McLanahan: We feel that the reversal takes place from each of these components, but in looking very closely at compliance with the four components, the most powerful, I think, is the daily yoga practice. Because we are not just what we eat, we are what we circulate. And it allows circulation to improve to each part of the body, so that the body can do better repair work.
In the beginning, nobody believed heart disease was reversible. Ask any cardiac surgeon. You cut open the heart, and that plaque is calcified, which is why you can see it on a whole-body CAT-scan. That’s how Oprah [Winfrey] got her wake-up call; she had a whole-body CAT-scan which showed calcium in the arteries of her heart and it helped her to make her final transition to a healthy diet. Now, she is on a healthy diet and has maintained her weight loss for the last year. Before that, she was trying to do it by exercise alone. She was eating anything she wanted, and that didn’t work.
So we feel that heart disease is reversible, because the body can get rid of this plaque through the activity of the body’s white blood cells. White cells come in, remove the buildup of plaque and calcium, and do repair work. They’ve done some studies in dogs where they cut the lymph supply around the heart, and the dogs developed rampant coronary artery disease. It’s the lymph that allows the white cells to go in and remove any blood clot, remove any buildup of abnormality in the cells. If you think of it, the buildup of the plaque in the arteries of the heart has a number of components contributing to it. It’s not just how much fat you eat in your diet, although that is the main component because if you don’t have the rust it won’t build up in the pipes. The incidence of heart disease in people who have cholesterol levels under 150 is very, very low, so we aim to keep people’s cholesterol under 150. If you take chicken soup, for example, and a couple of hours later you hold it up against the light, what do you see?

Redwood: Globules of fat.

McLanahan: When the globules of fat are in the bloodstream, the body in its wisdom tries to remove this fat, because it can’t get good circulation, especially through the small capillaries, when there are big fat globules in the way. So it puts them in the wall of the artery, to try to get them out of the stream of the artery itself. But slowly, there is so much fat built up that it actually impairs the blood flow itself. So the treatment is to remove the fat from the diet. There are also components of inflammation and bacteria, but both of these risk factors can be reversed by excellent lymph flow. If the lymph is flowing well, you have the ability of the white cells to remove any inflammation, any bacteria, as well as any buildup of blood clots or excess fat. We don’t have a pump behind our lymph [as is the case with the heart pumping blood]. We have more lymph in the body than blood, and it’s the [muscular action of the] deep breath that helps to pump the lymph. That’s part of yoga practice; the stretching and breathing of yoga practice also helps circulate the lymph.

Redwood: I’m interested in your views on two current controversies relating to heart disease. The first is whether people should drink alcohol on a regular basis to help their hearts, and the second is whether high-fat regimes like the Atkins or Zone diets are beneficial.

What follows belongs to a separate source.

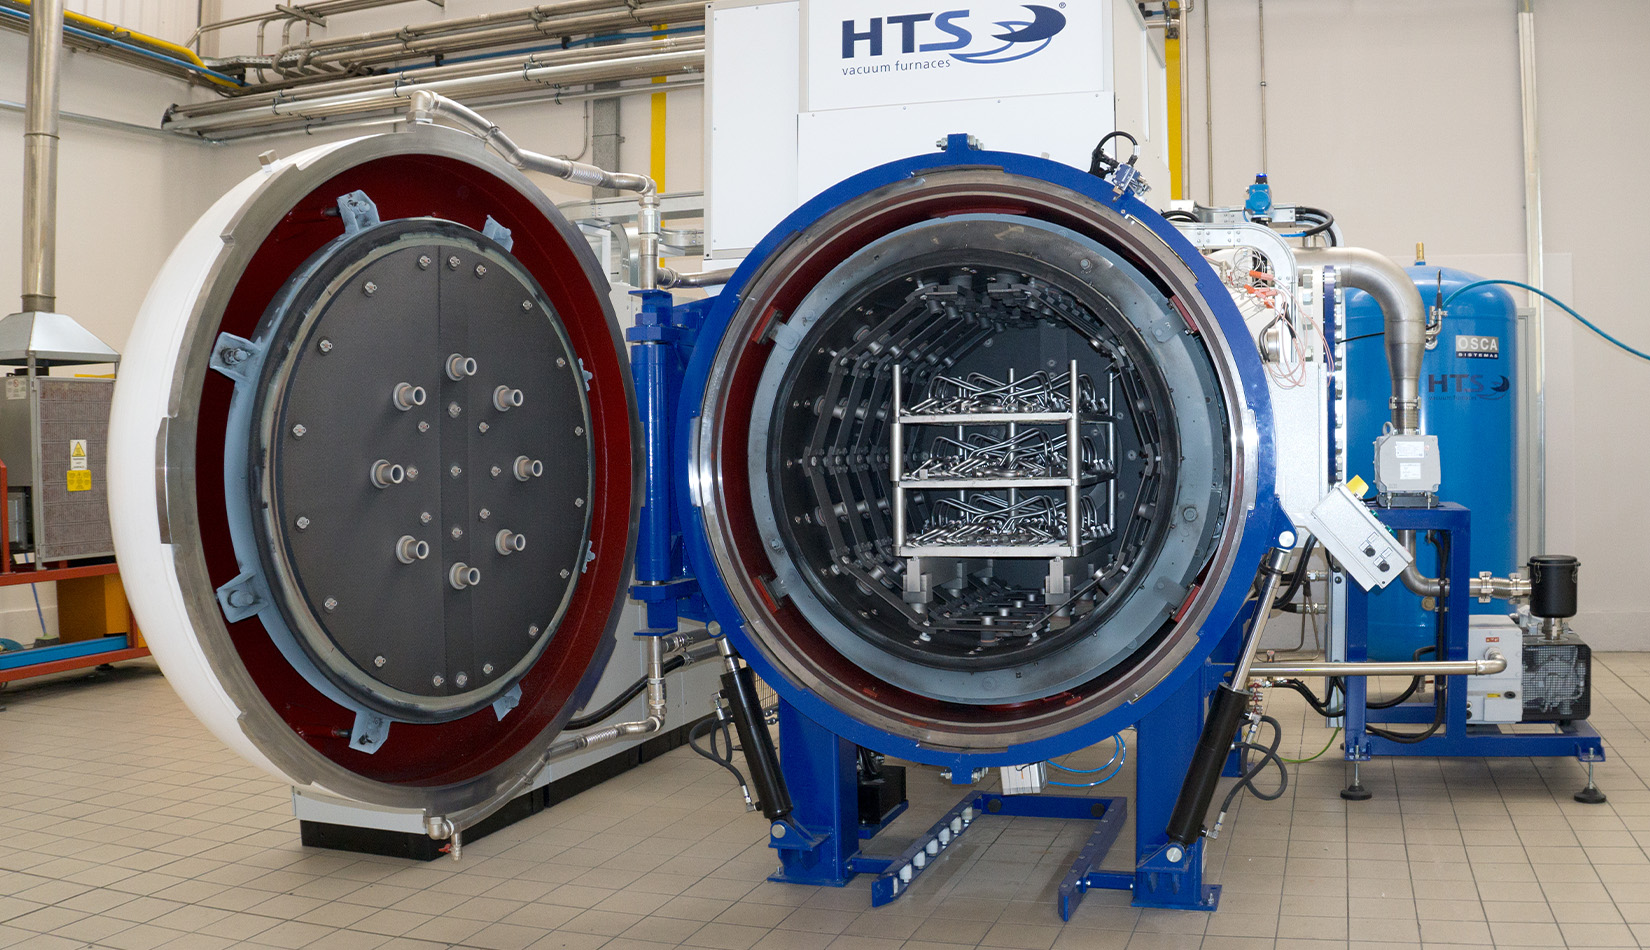 We improved our production system with a new HTS vacuum brazing furnace

McLanahan: The nature of the research on alcohol is that, in a culture that is eating a lot of fat, the alcohol will at least allow people to relax enough to take a deep breath, lean back, and enhance the circulation of their lymph. There are factors in alcohol that help to prevent clotting, but they are also found in red grapes. So people can eat red grapes and other foods that have antioxidant activity and assist in helping prevent excessive coagulation, without the side effects of alcohol. Alcohol is responsible for more hospital admissions in the country than any other single agent. So to recommend that people use alcohol as a way of reducing their risk factor is like saying, “You can continue your risk factor, but take this poison to make up for it.” It doesn’t make sense to me. I would rather go to the root cause, which involves teaching people how to eat right so they don’t need an anticoagulation factor from a poison in order to relax. There’s another way to do it, and the evidence from studies on the Seventh Day Adventists is clear: you don’t need to drink alcohol to prevent heart disease. They have a very low risk factor for heart disease, and they don’t use alcohol.
Then there’s the next portion of your question, about the Atkins diet and the Zone diet. You can lose weight by a number of methods. You can lose weight by chemotherapy, but I don’t recommend it. And yes, you can lose weight by eating smaller portions, which is what happens in the Atkins and Zone diets. They’re eating less calories per day, but the nature of the calories is such that these particular substances, over a long period of time, damage the heart and kidneys. So what you’re doing, by following such a diet, is trading your excess weight for increased risk of heart and kidney disease. So it’s short term gain and long term risk.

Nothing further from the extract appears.